For three decades, Roscosmos occupied a structurally important position in the international space architecture. Russian Soyuz rockets launched astronauts from ESA, NASA, and JAXA to the ISS. Russian Proton rockets launched commercial satellites for European and American operators. Russian rocket engines β the RD-180 in particular β powered American Atlas V rockets, creating the kind of interdependence that was supposed to make geopolitical conflict too expensive to sustain. That architecture collapsed in 2022, and what remains of Roscosmos in 2026 is a substantially smaller program operating in a substantially different context.
The changes have been structural, not merely political. The loss of European and American commercial launch customers removed a significant revenue stream that had helped sustain Roscosmos through the economically turbulent years after the Soviet collapse. The end of deep scientific cooperation on the ISS reduced the technical exchange that had kept Russian human spaceflight practice current. The departure of OneWeb from Soyuz launches, after 36 satellites had already been manifested, left a manifest gap that Russian vehicles have not fully replaced with domestic customers.
Soyuz: still flying, differently
The Soyuz spacecraft itself continues to operate, and that is more significant than it might appear. Soyuz has been flying humans to orbit since 1967 in various configurations. The current Soyuz MS series is a mature, reliable human-rated system, and Roscosmos continues to use it for ISS crew rotation. The cadence has changed: where previously Soyuz flew both Russian and American/European crew on a roughly six-month alternating schedule, now Russian seats on the station are primarily used by Russian cosmonauts, with occasional commercial or partnership arrangements.

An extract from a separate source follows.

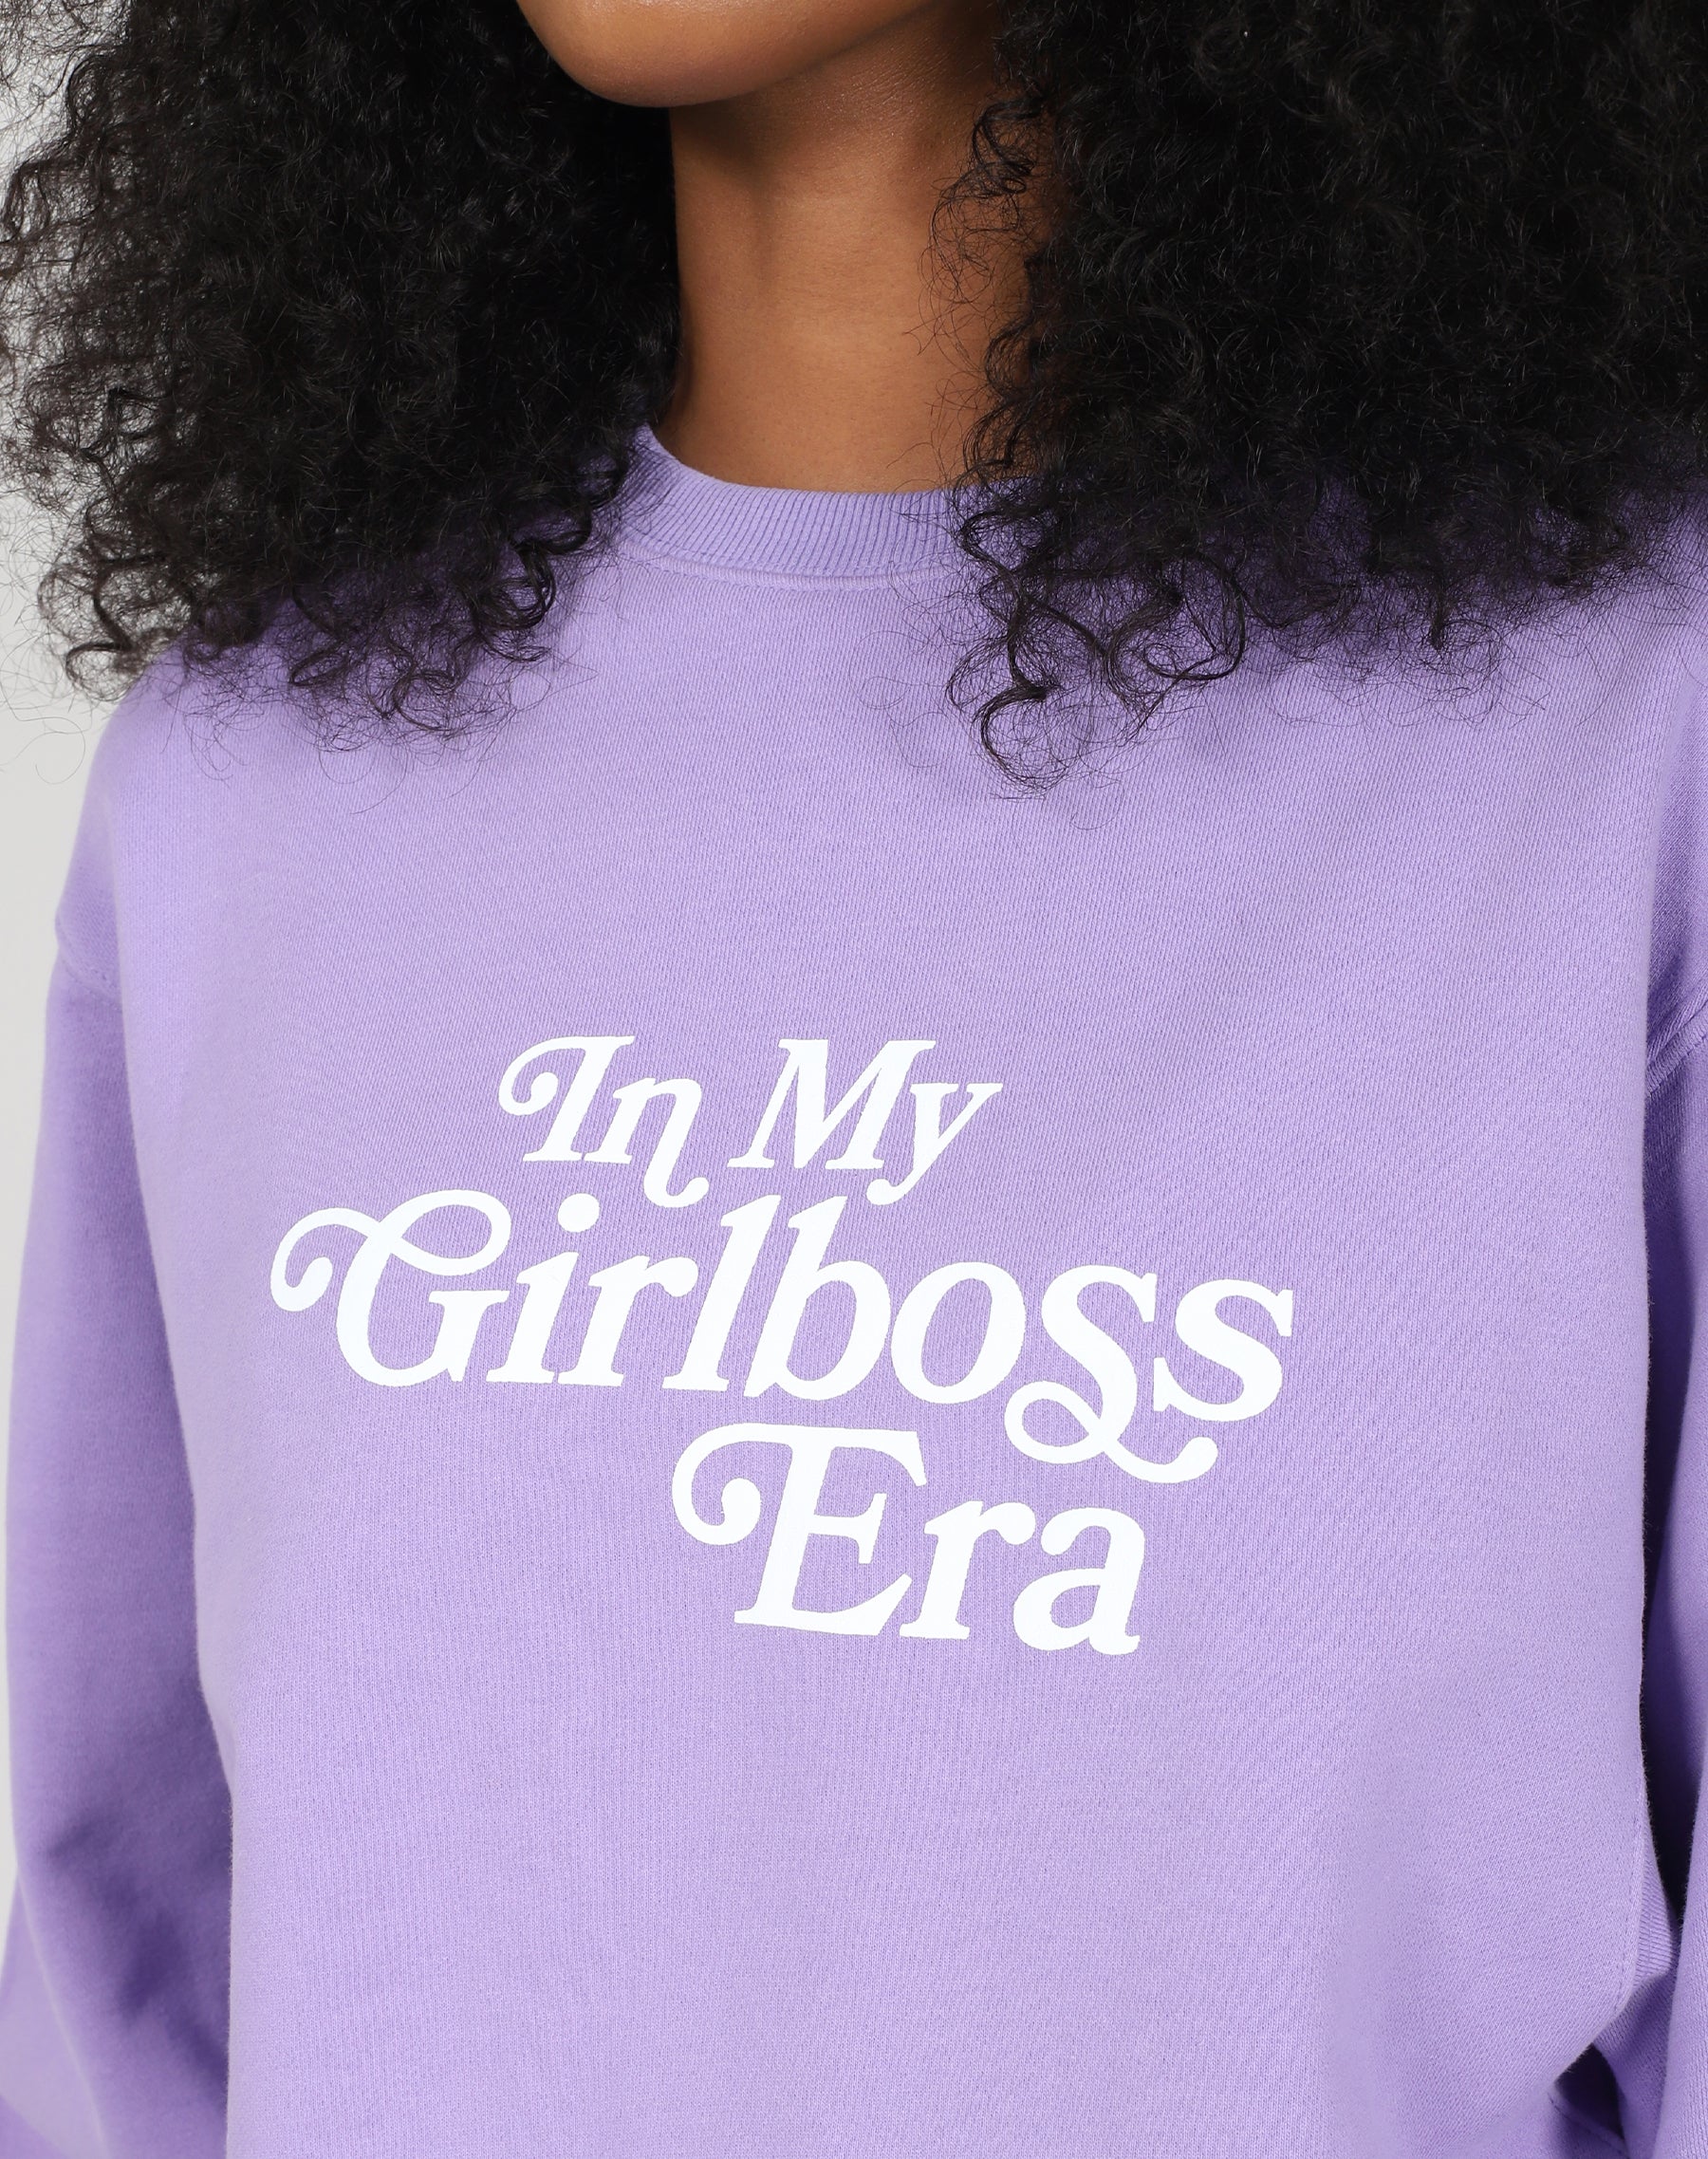 The "GIRLBOSS ERA" Best Friend Crew Neck Sweatshirt | Girlboss x Brunette the Label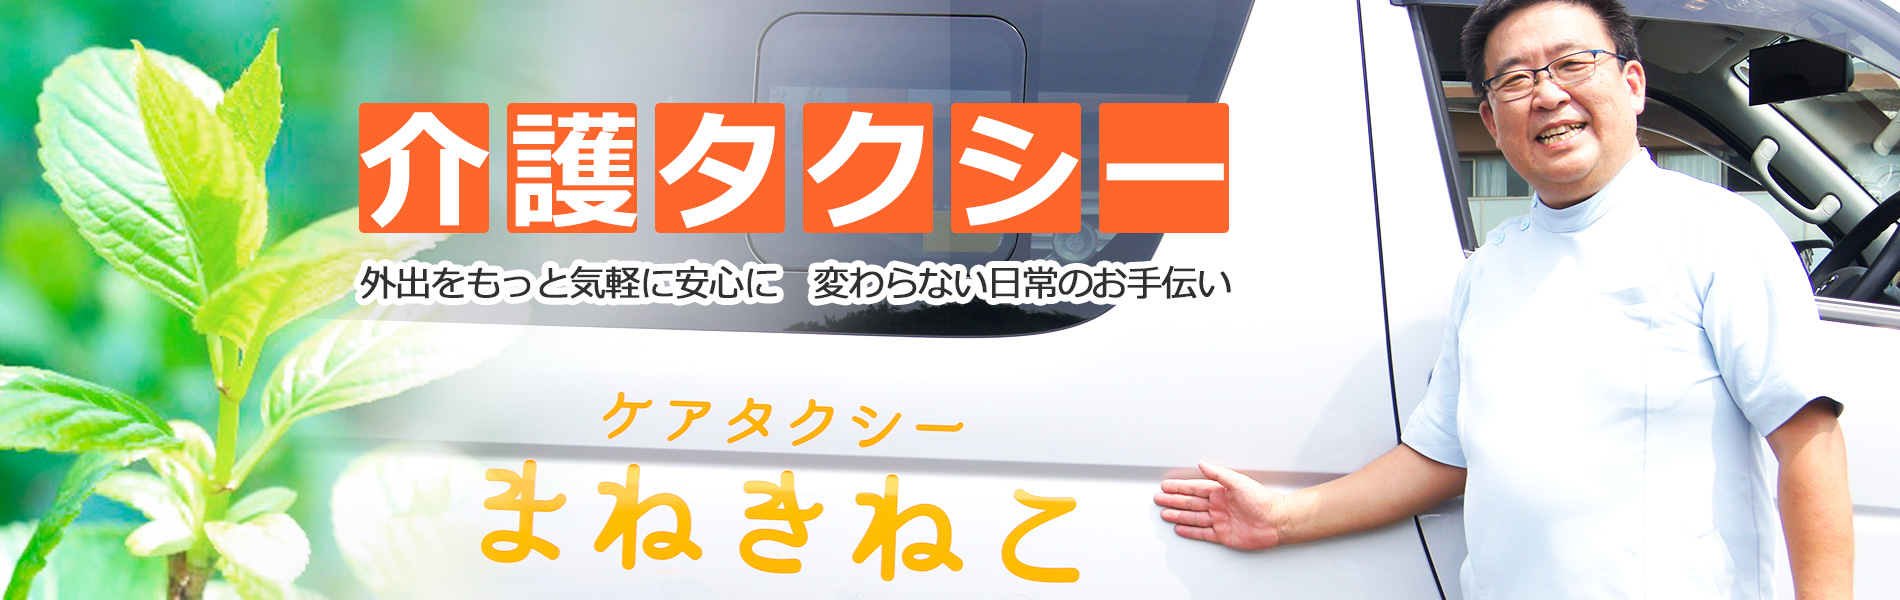 千葉県佐倉市の介護タクシー「ケアタクシーまねきねこ」

What Roscosmos does not have is a successor to Soyuz that has crossed the threshold from development to operational readiness. The Federation spacecraft, renamed Oryol (Eagle) in 2019, has been in development for well over a decade. It is designed to carry up to four cosmonauts, to be reusable, and to eventually serve as the crew vehicle for Russia's stated ambitions at the Moon and beyond. But Oryol has not yet flown, funding has been uncertain, and schedule estimates have been revised multiple times. The gap between ambition and hardware is wider than official announcements acknowledge.
GLONASS and the satellite gap
Russia's GLONASS satellite navigation system β the Soviet-era constellation rebuilt in the 2000s to compete with GPS β has experienced constellation health problems in recent years. At full operational capability, GLONASS requires 24 satellites in medium Earth orbit. The constellation has periodically dropped below full coverage levels as aging satellites have failed and replacement launches have not kept pace. Russian technology sanctions have complicated access to certain electronics components used in satellite manufacturing, and domestic production has not fully compensated.
Military reconnaissance satellites, electronic intelligence systems, and communications satellites for military use have received priority access to launch capacity. That prioritization has come at the direct expense of science missions, Earth observation for civilian use, and the deep space program that once put probes to Mars, Venus, and the outer solar system.
Luna-25 and the science program
Russia's first lunar mission since the Soviet era, Luna-25, reached the Moon in August 2023 after a 47-year gap in the program. It crashed on approach, entering a non-nominal orbit during pre-landing maneuvers and impacting the lunar surface. Coming days before India's Chandrayaan-3 successfully landed at the lunar south pole, the failure was symbolically significant β a juxtaposition that illustrated how the relative positions of national space programs have shifted since the 1960s.
Plans for Luna-26, 27, and 28 β an orbiter, lander, and sample return mission, respectively β remain in the Russian space program roadmap. Whether they fly on anything resembling their planned schedules depends on factors that extend well beyond the technical: funding, access to components, and the broader geopolitical environment. ESA was originally partnered with Roscosmos on the Luna-27 mission; that partnership ended with sanctions, and the mission's viability without European components and expertise is an open question.
What remains
It is a mistake to write off Russian space capability entirely. Roscosmos still employs experienced engineers. The Soyuz and Proton vehicles remain functional. The GLONASS constellation, degraded as it is, continues to provide navigation services. The ISS segment operated by Russia continues to function.
What has changed is the trajectory. Russian space ambitions in the 2010s β a new crewed spacecraft, a return to the Moon, Mars exploration β were ambitious but not unreasonable given the country's historical competence and stated funding commitments. In 2026, those ambitions remain stated but the funding and international partnerships that would have supported them are substantially diminished. The program is not in collapse. It is in contraction, executing on a narrower set of objectives with a smaller international footprint, waiting β like much of Russia's technical establishment β for conditions that may or may not improve.